▶ [Input data]:
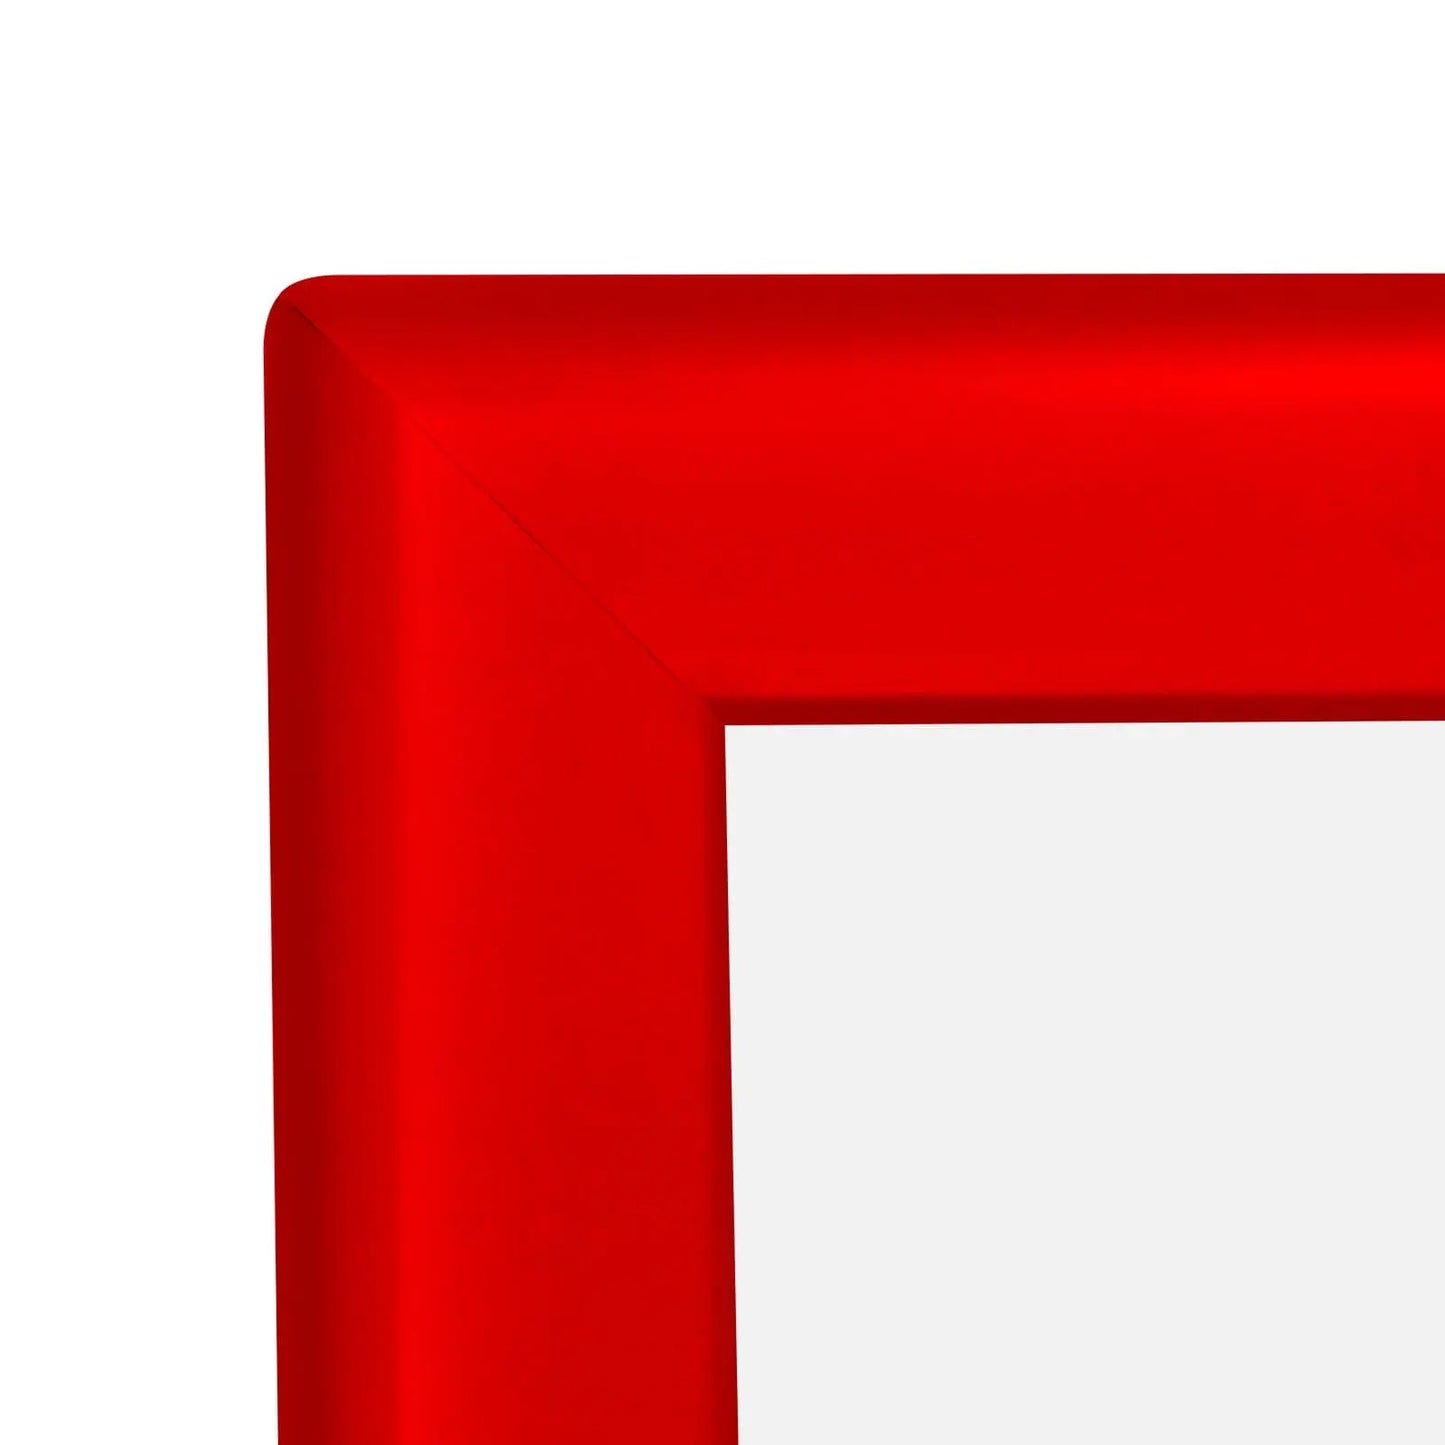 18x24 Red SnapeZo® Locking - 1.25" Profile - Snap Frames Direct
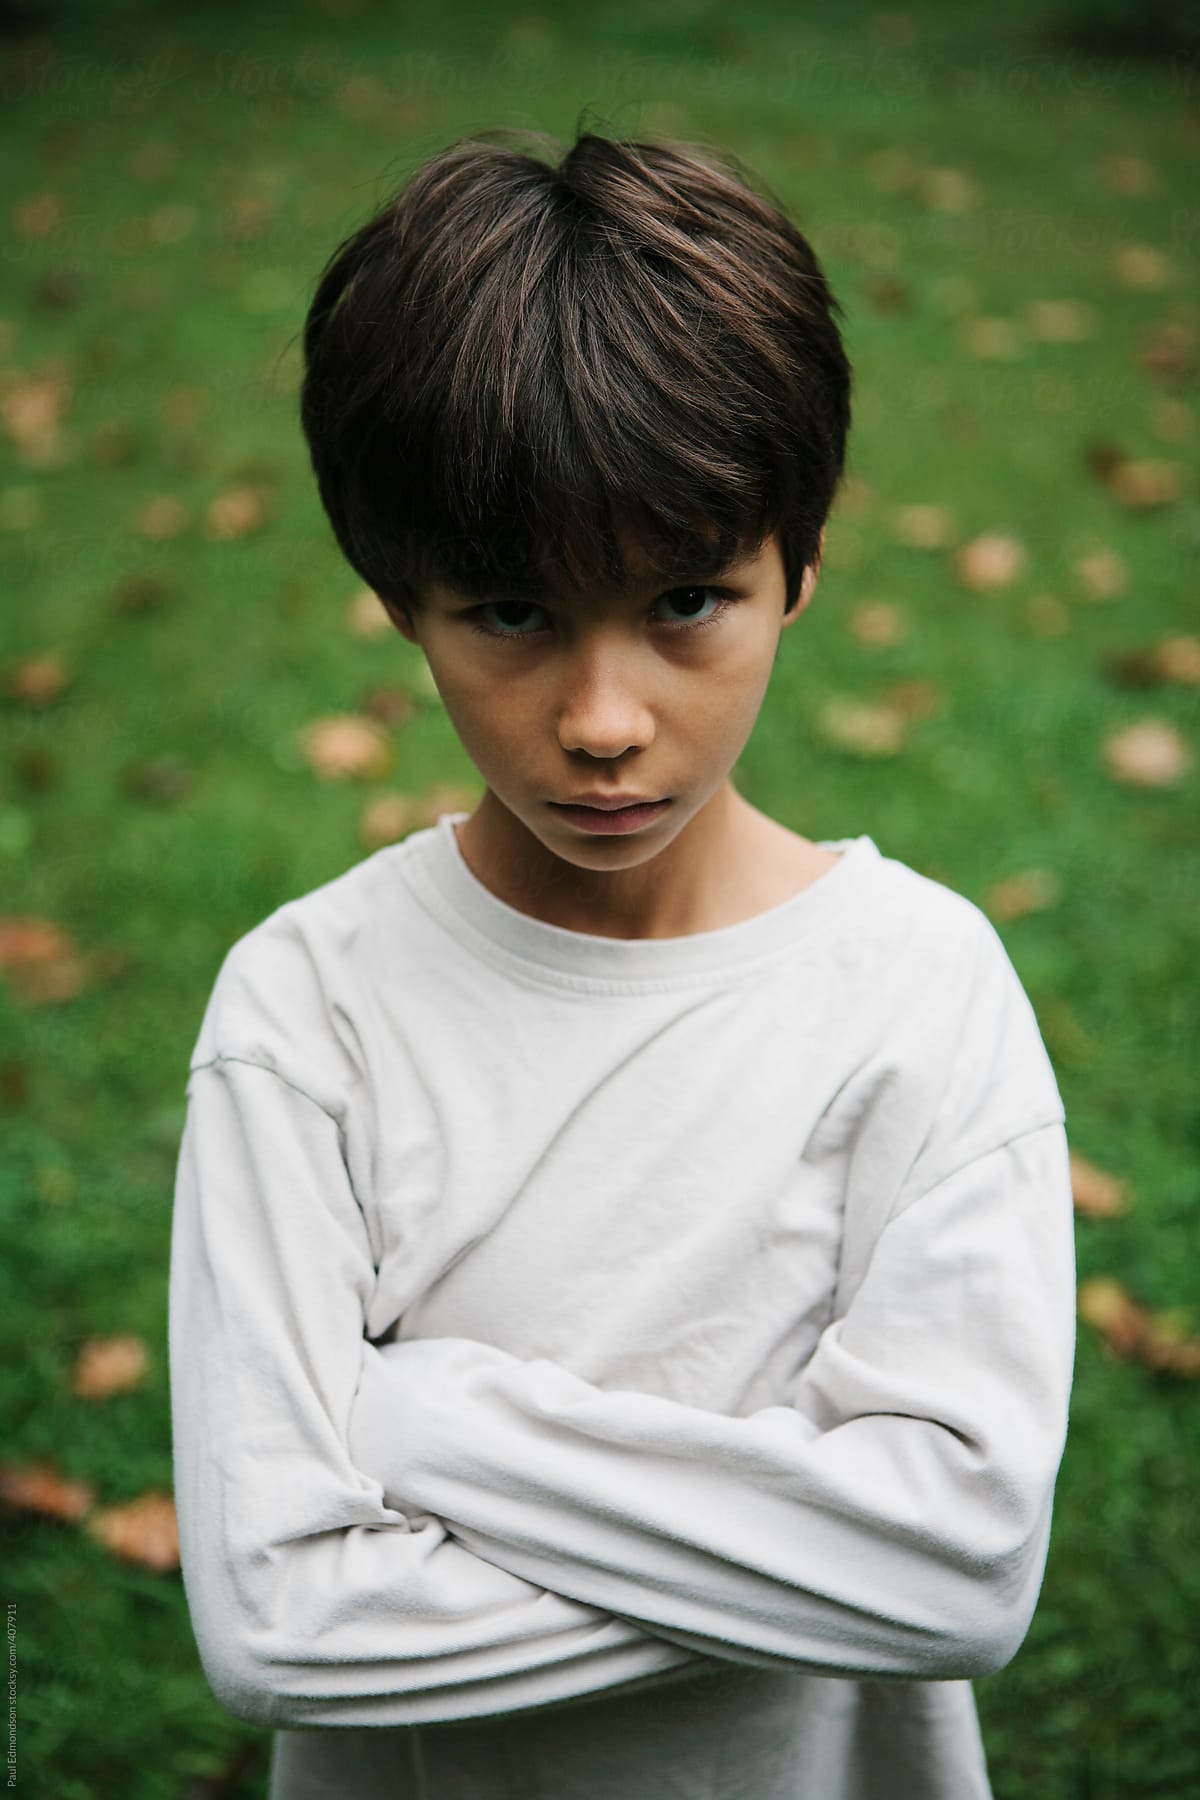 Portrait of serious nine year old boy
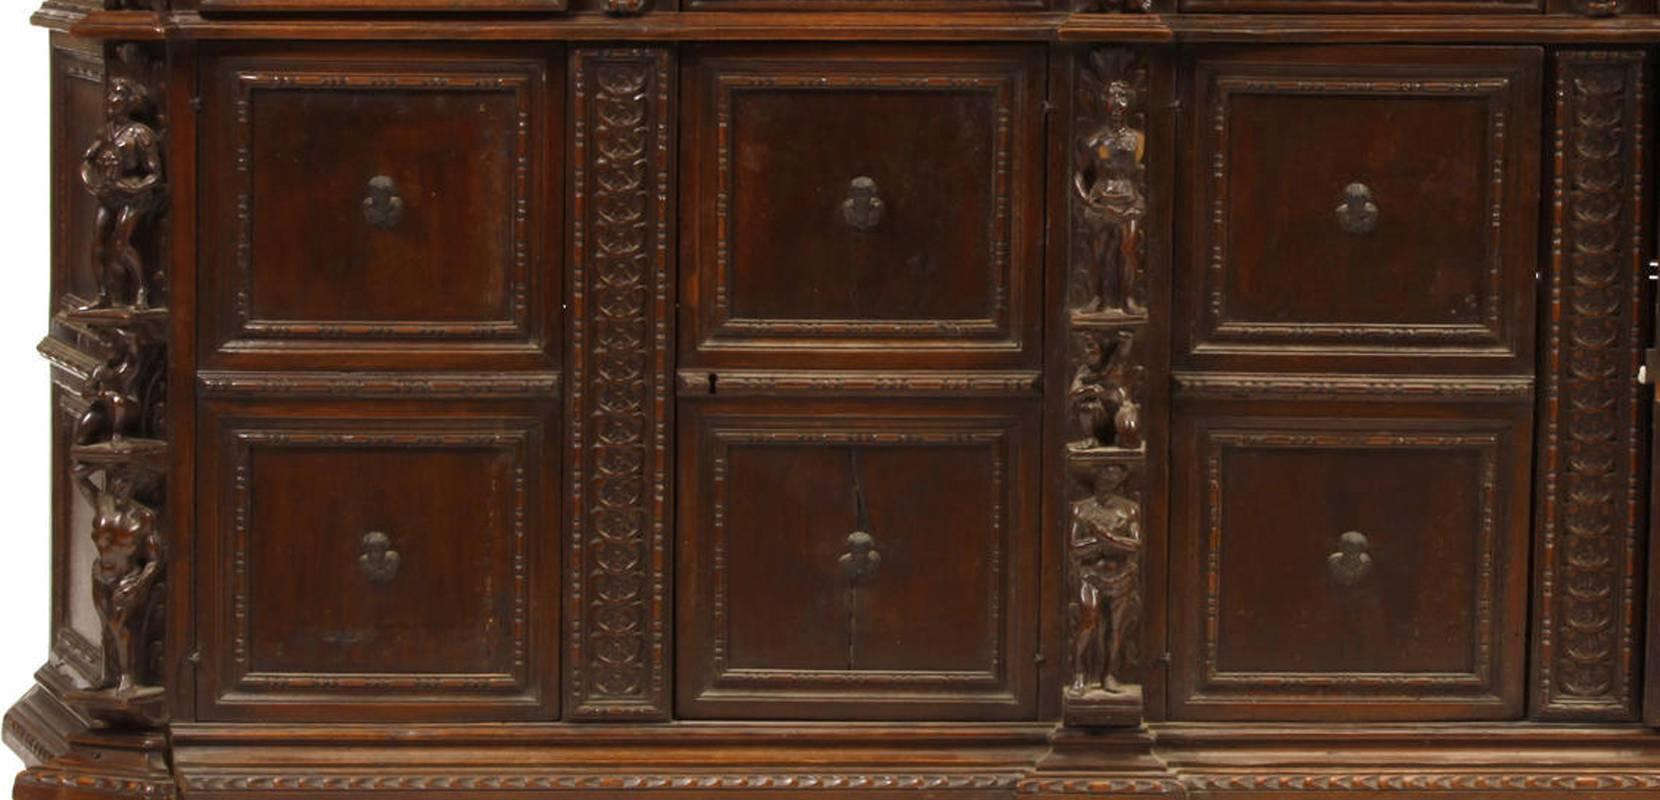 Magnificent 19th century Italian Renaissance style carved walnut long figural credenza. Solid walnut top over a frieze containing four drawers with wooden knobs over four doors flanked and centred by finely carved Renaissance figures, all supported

▶ [Task directions]:
With the pictures removed, return the data above word for word.

▶ [Solved problem]:
 18x24 Red SnapeZo® Locking - 1.25" Profile - Snap Frames Direct
 Portrait of serious nine year old boy
 Magnificent 19th century Italian Renaissance style carved walnut long figural credenza. Solid walnut top over a frieze containing four drawers with wooden knobs over four doors flanked and centred by finely carved Renaissance figures, all supported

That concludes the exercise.